■ **GOAL OF THE EXERCISE**
Copy out every line of the data exactly; do not include the images.

::: SOURCE DATA

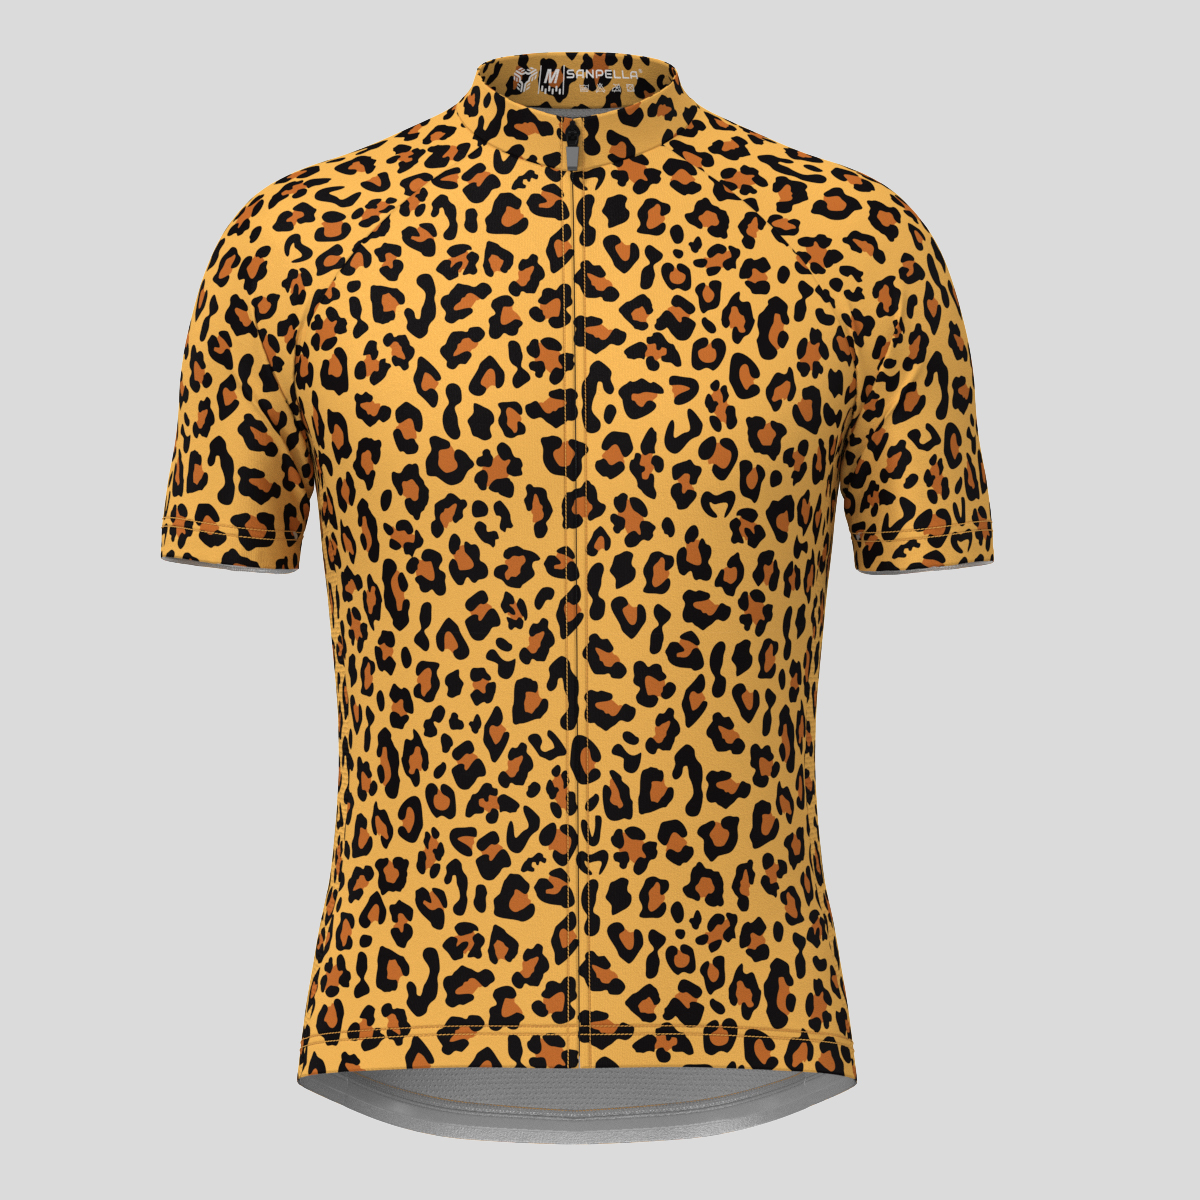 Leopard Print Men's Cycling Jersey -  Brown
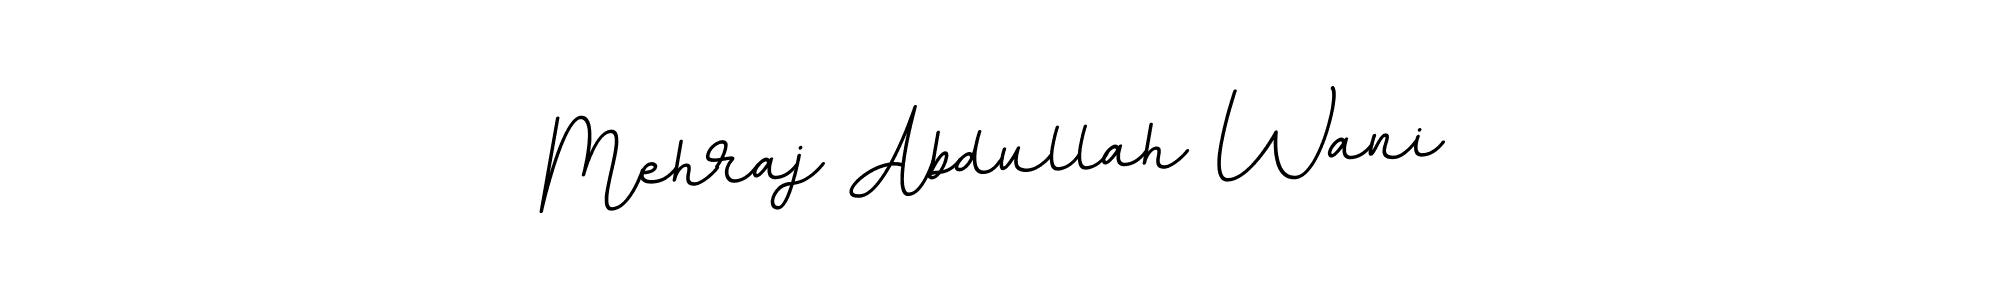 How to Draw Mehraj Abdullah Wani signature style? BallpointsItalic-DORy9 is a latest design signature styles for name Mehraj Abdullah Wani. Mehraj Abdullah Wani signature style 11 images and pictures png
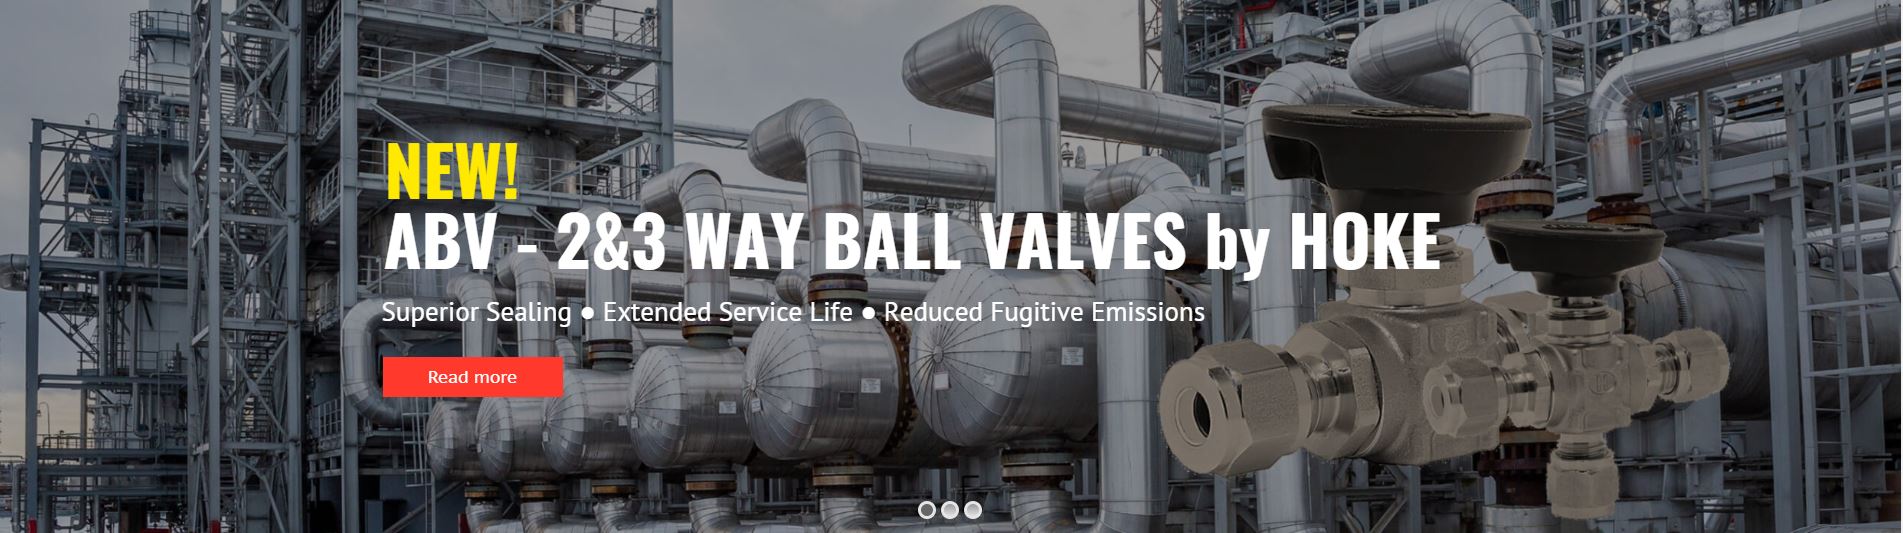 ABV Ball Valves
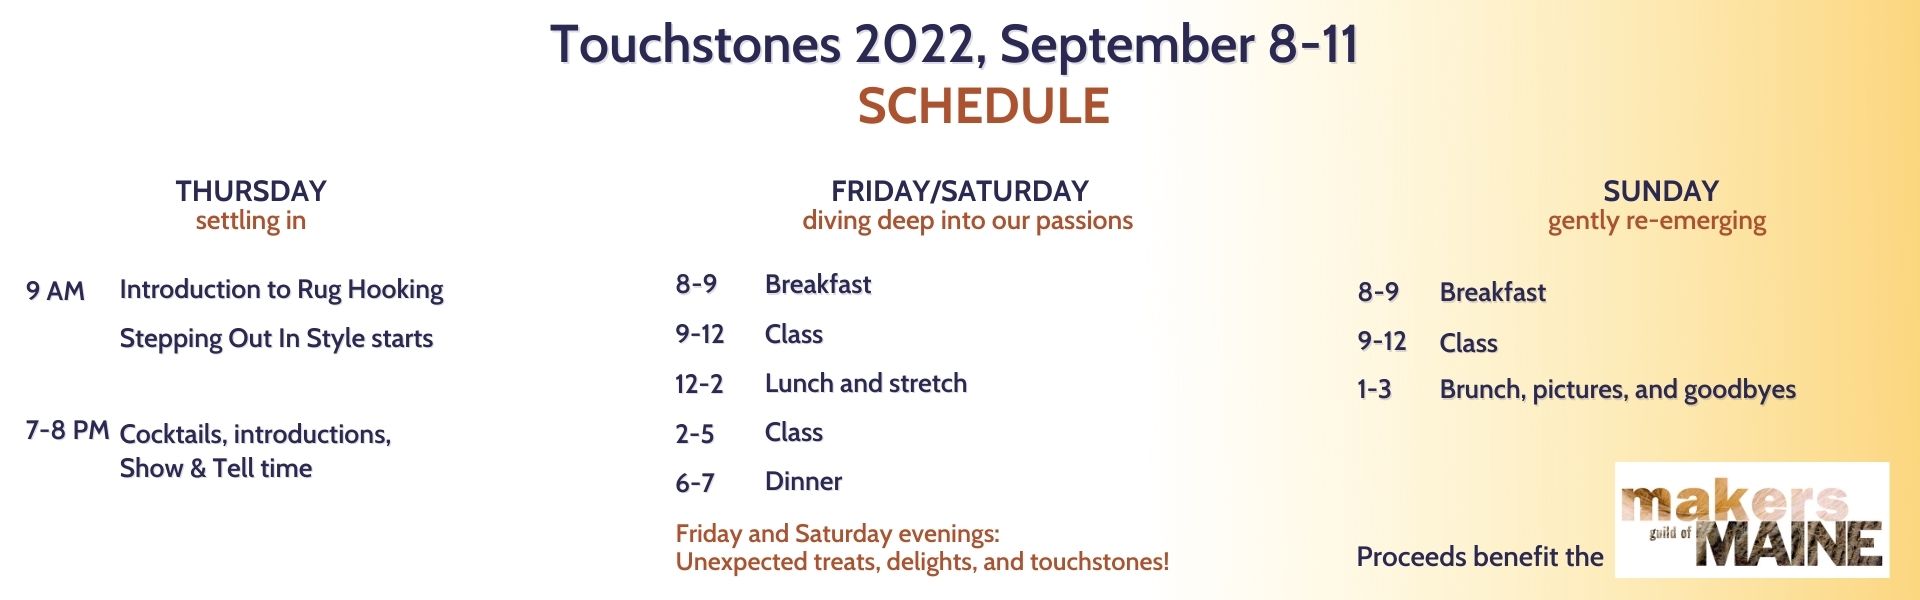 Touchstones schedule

::::::

■ **THE COMPLETED TASK**
 Leopard Print Men's Cycling Jersey -  Brown
 How to Draw Mehraj Abdullah Wani signature style? BallpointsItalic-DORy9 is a latest design signature styles for name Mehraj Abdullah Wani. Mehraj Abdullah Wani signature style 11 images and pictures png
 ABV Ball Valves
 Touchstones schedule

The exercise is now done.